§ **Exercise**
Everything in the listing below should be written out again exactly, except the pictures.

§ **Provided data**

-------

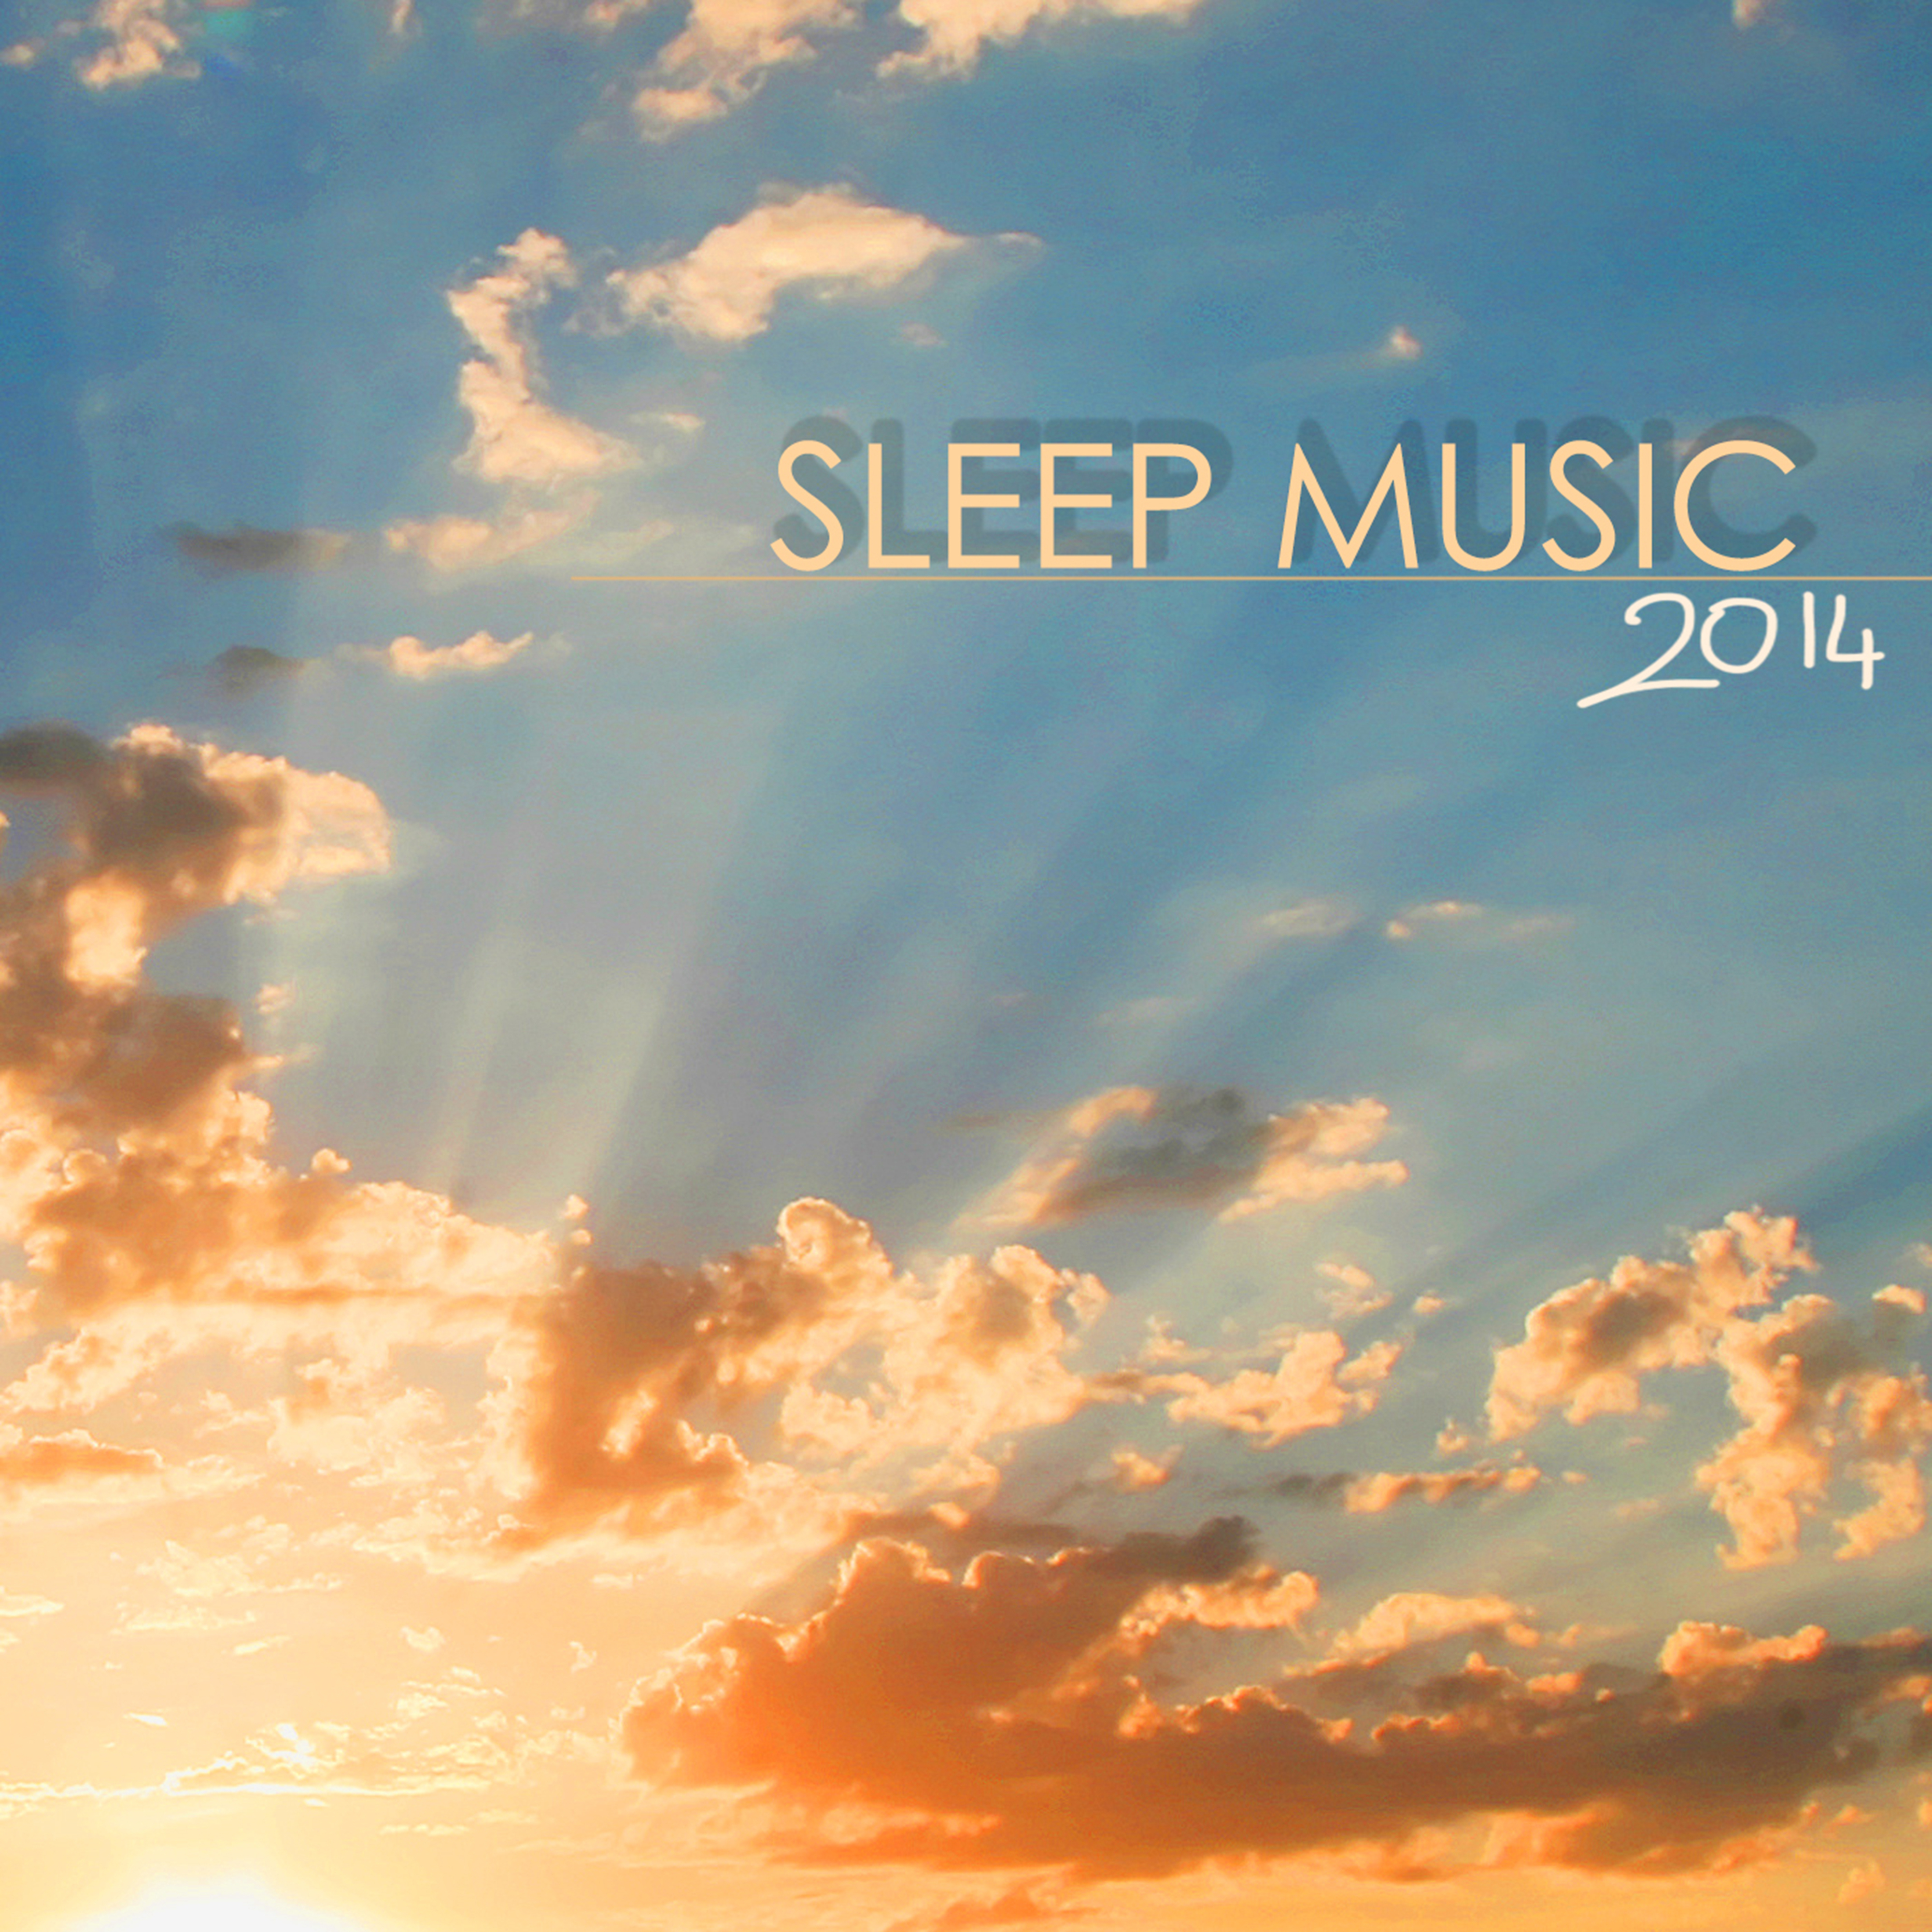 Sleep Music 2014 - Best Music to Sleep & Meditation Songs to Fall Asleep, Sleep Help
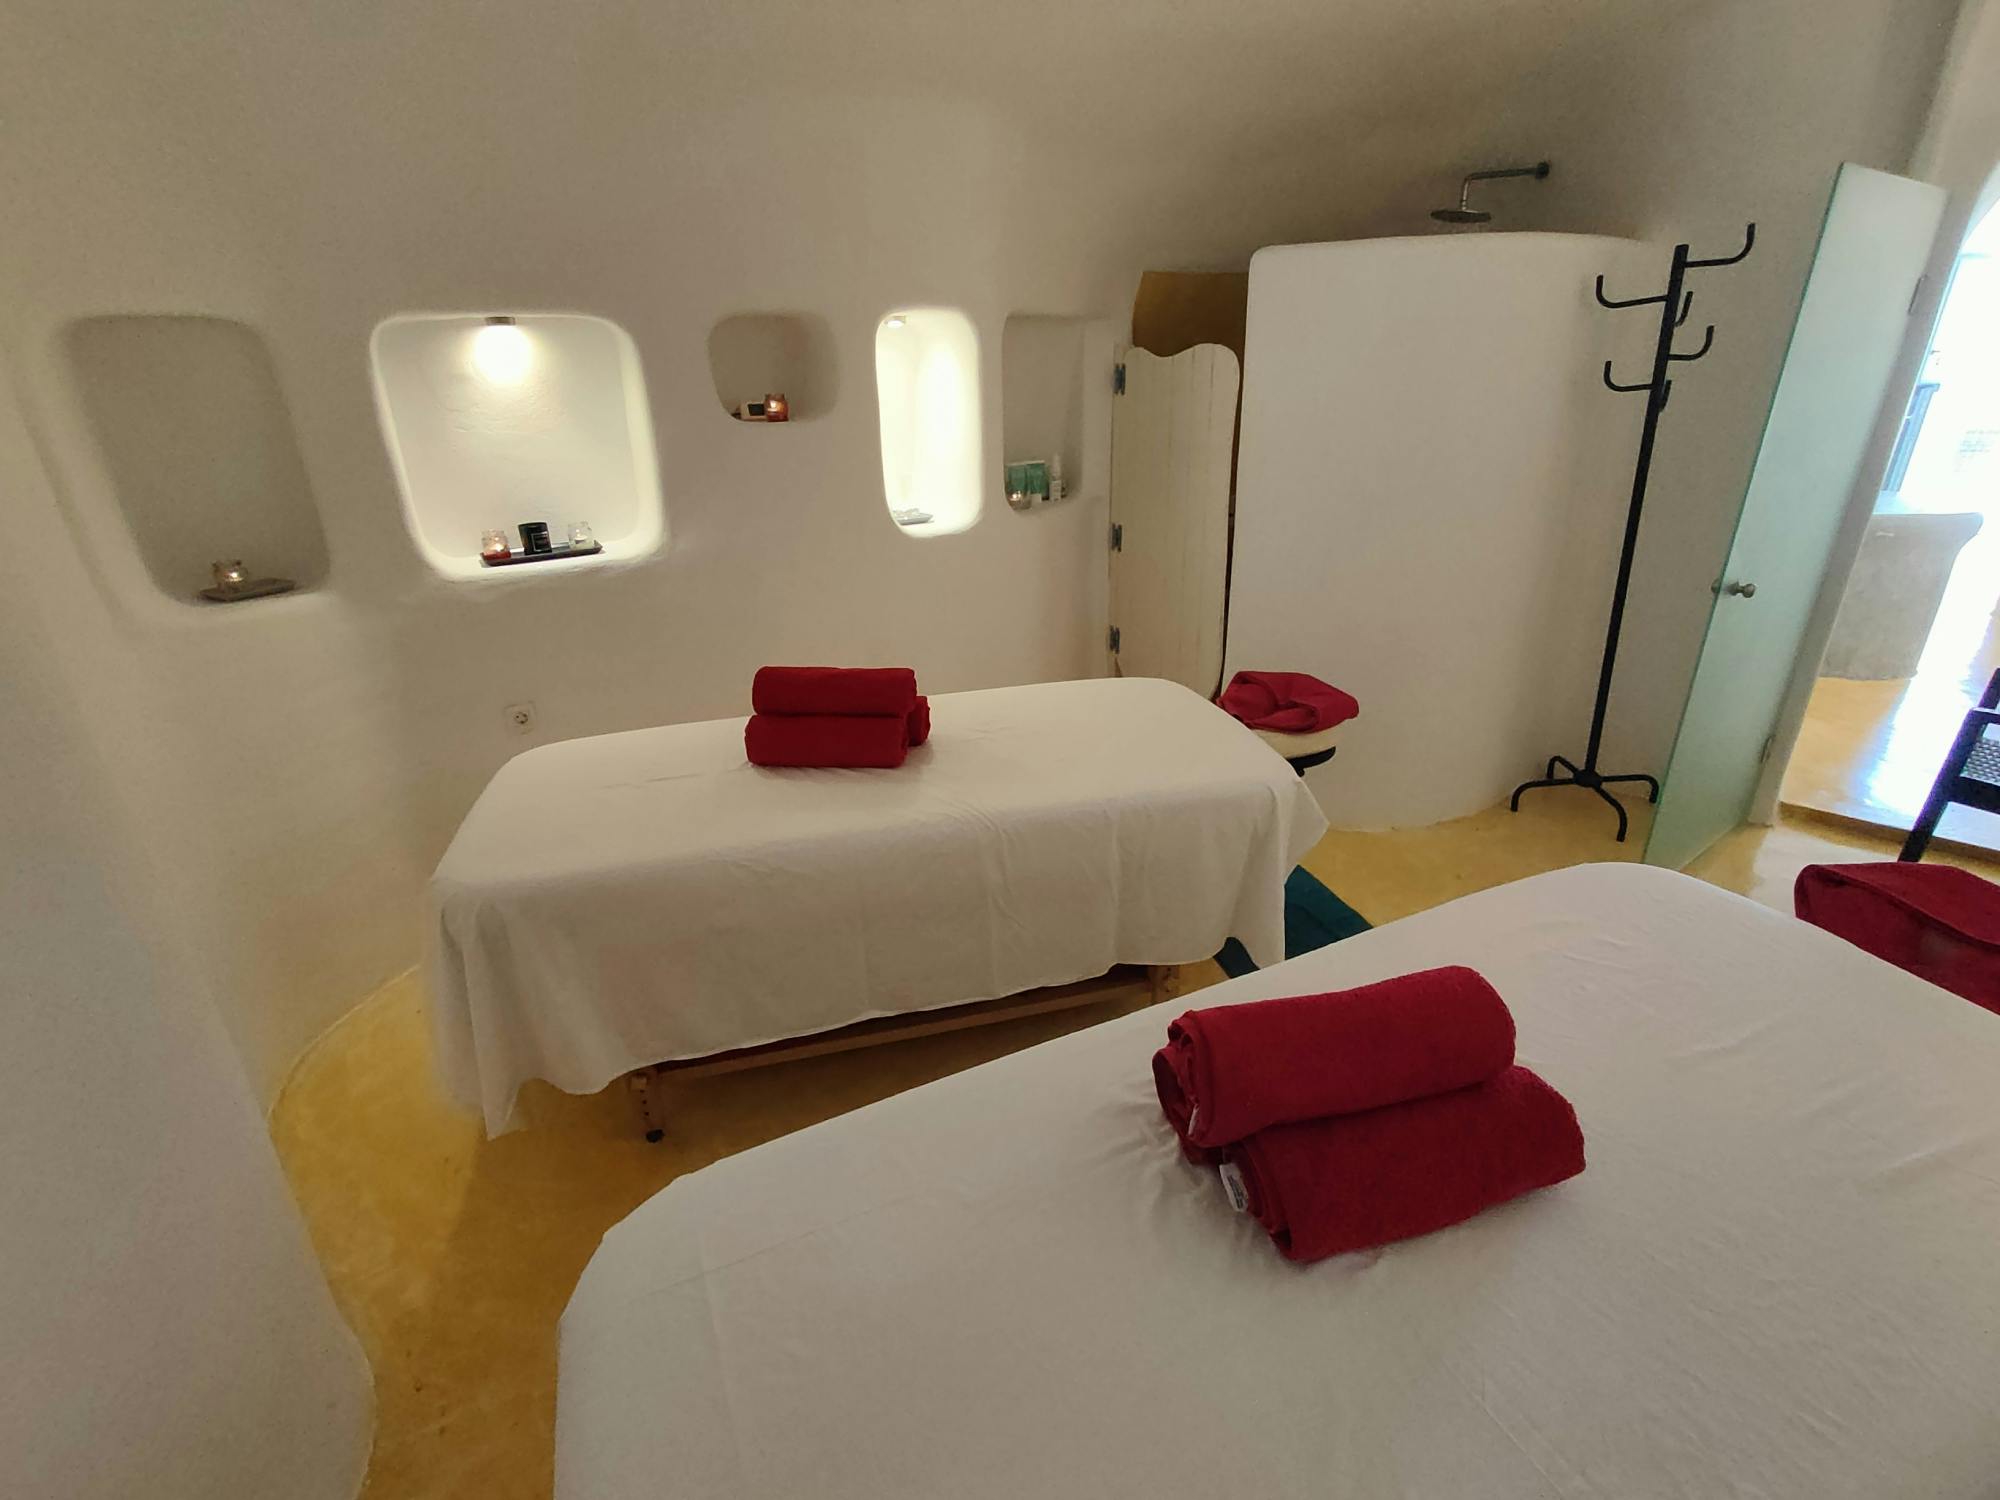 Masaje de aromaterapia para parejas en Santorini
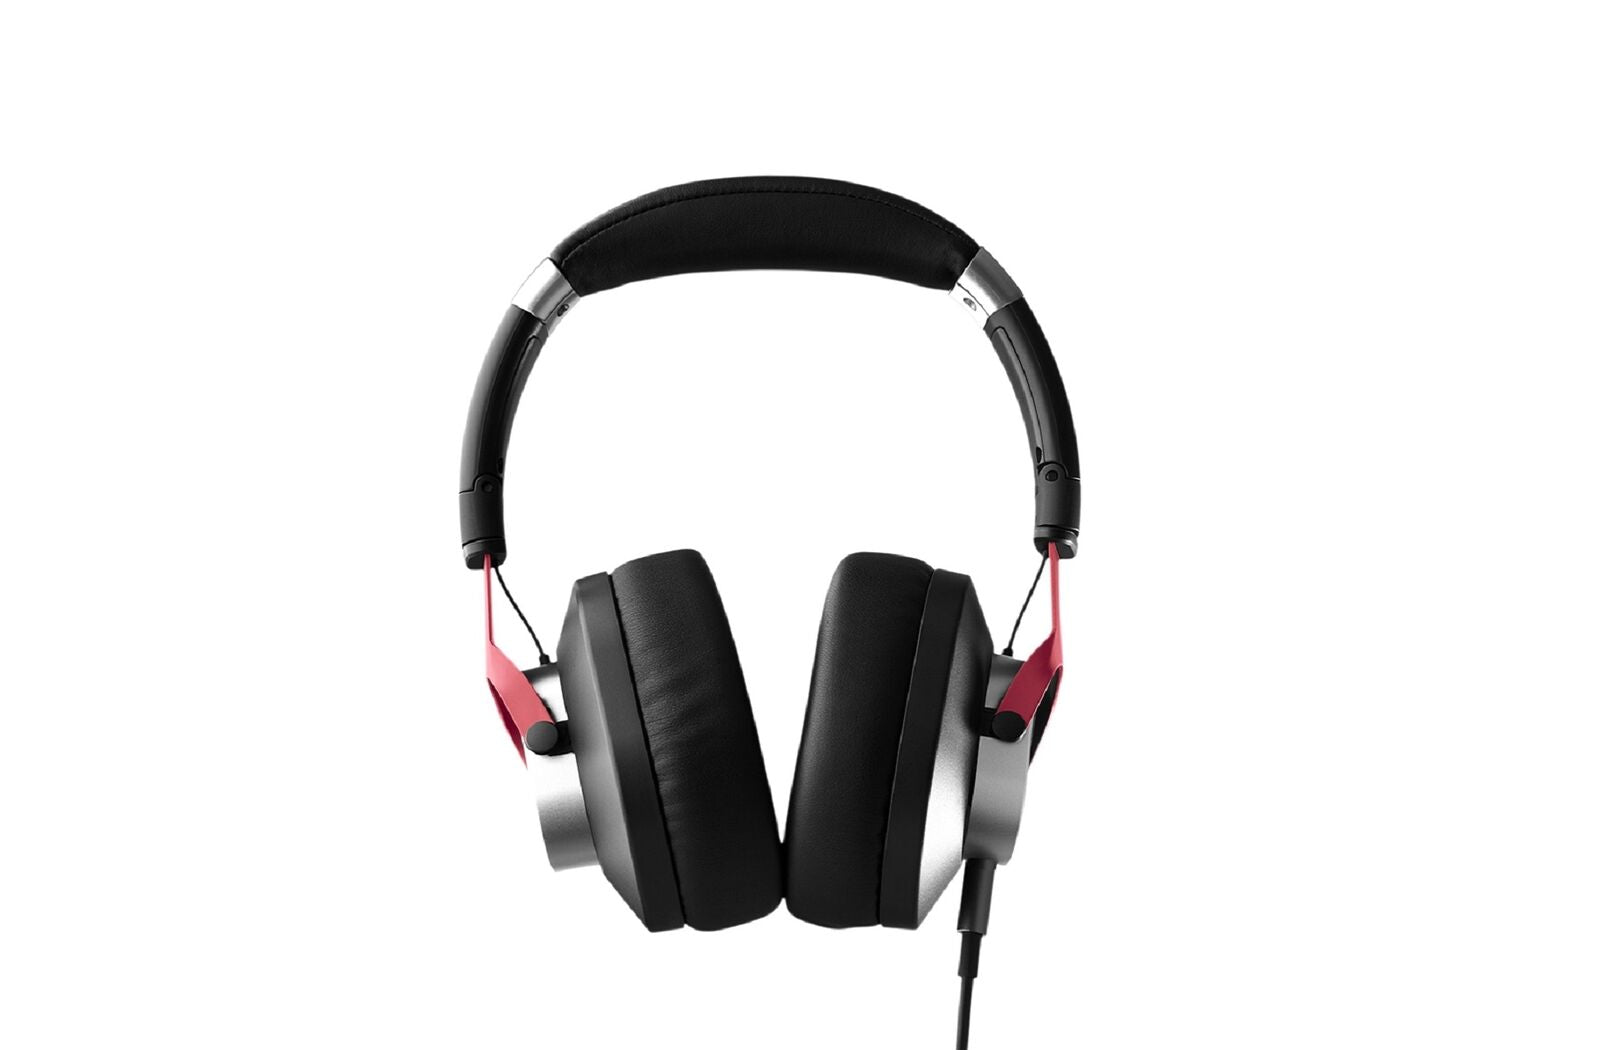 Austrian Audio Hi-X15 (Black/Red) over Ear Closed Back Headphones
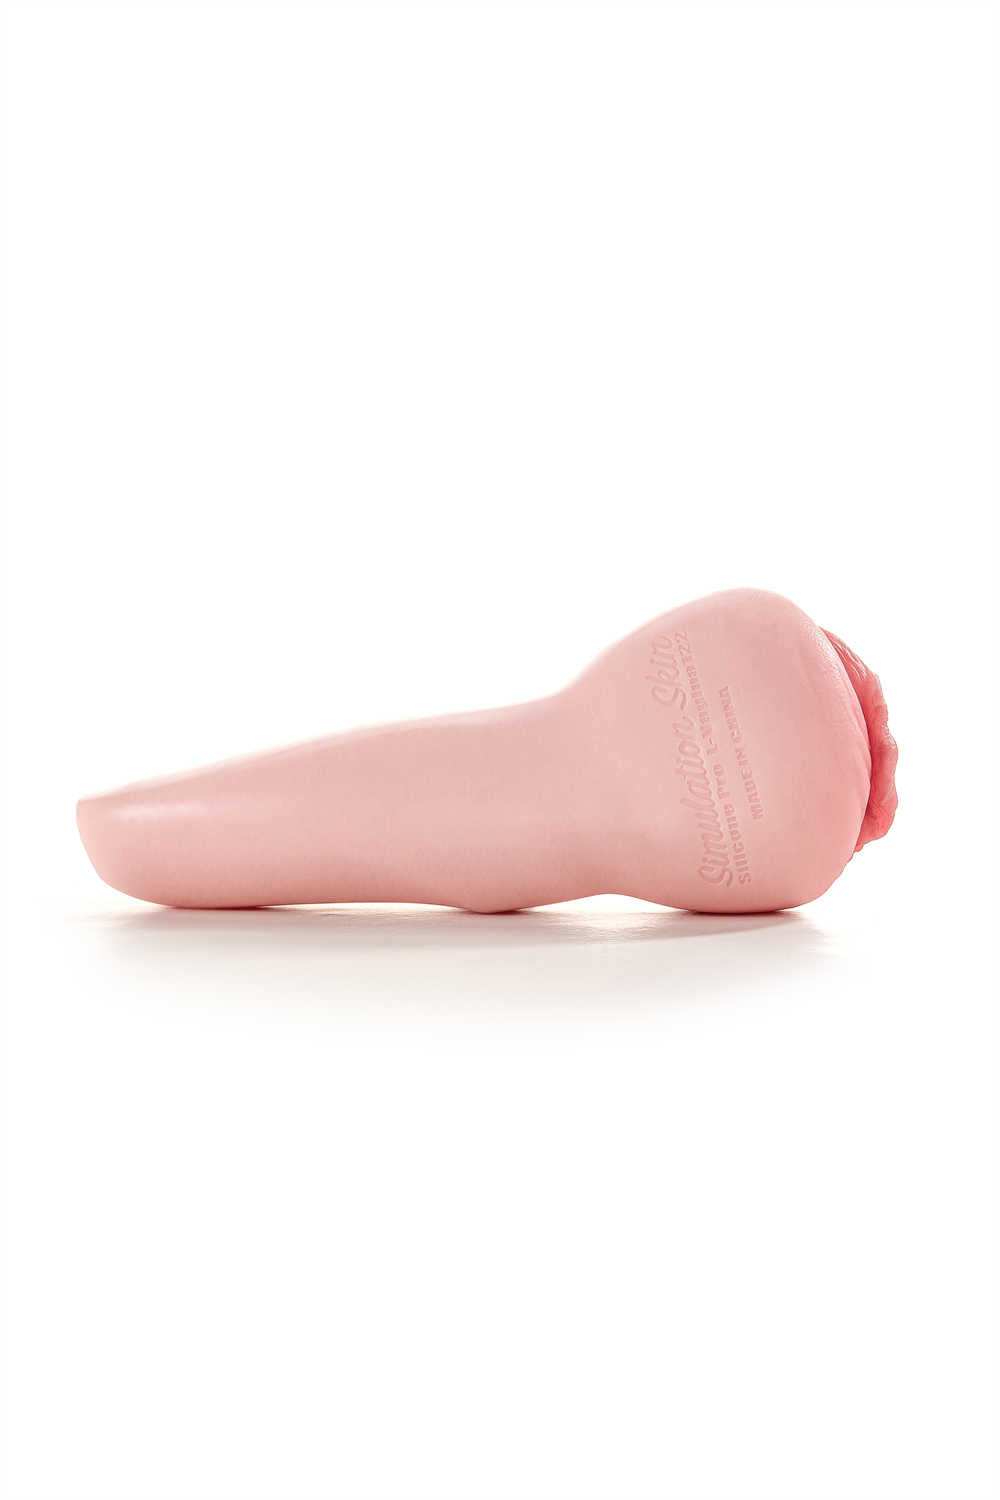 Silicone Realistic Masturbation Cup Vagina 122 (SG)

-------

§ **Response to this task**
 Sleep Music 2014 - Best Music to Sleep & Meditation Songs to Fall Asleep, Sleep Help
 Masaje de aromaterapia para parejas en Santorini
 Austrian Audio Hi-X15 (Black/Red) over Ear Closed Back Headphones
 Silicone Realistic Masturbation Cup Vagina 122 (SG)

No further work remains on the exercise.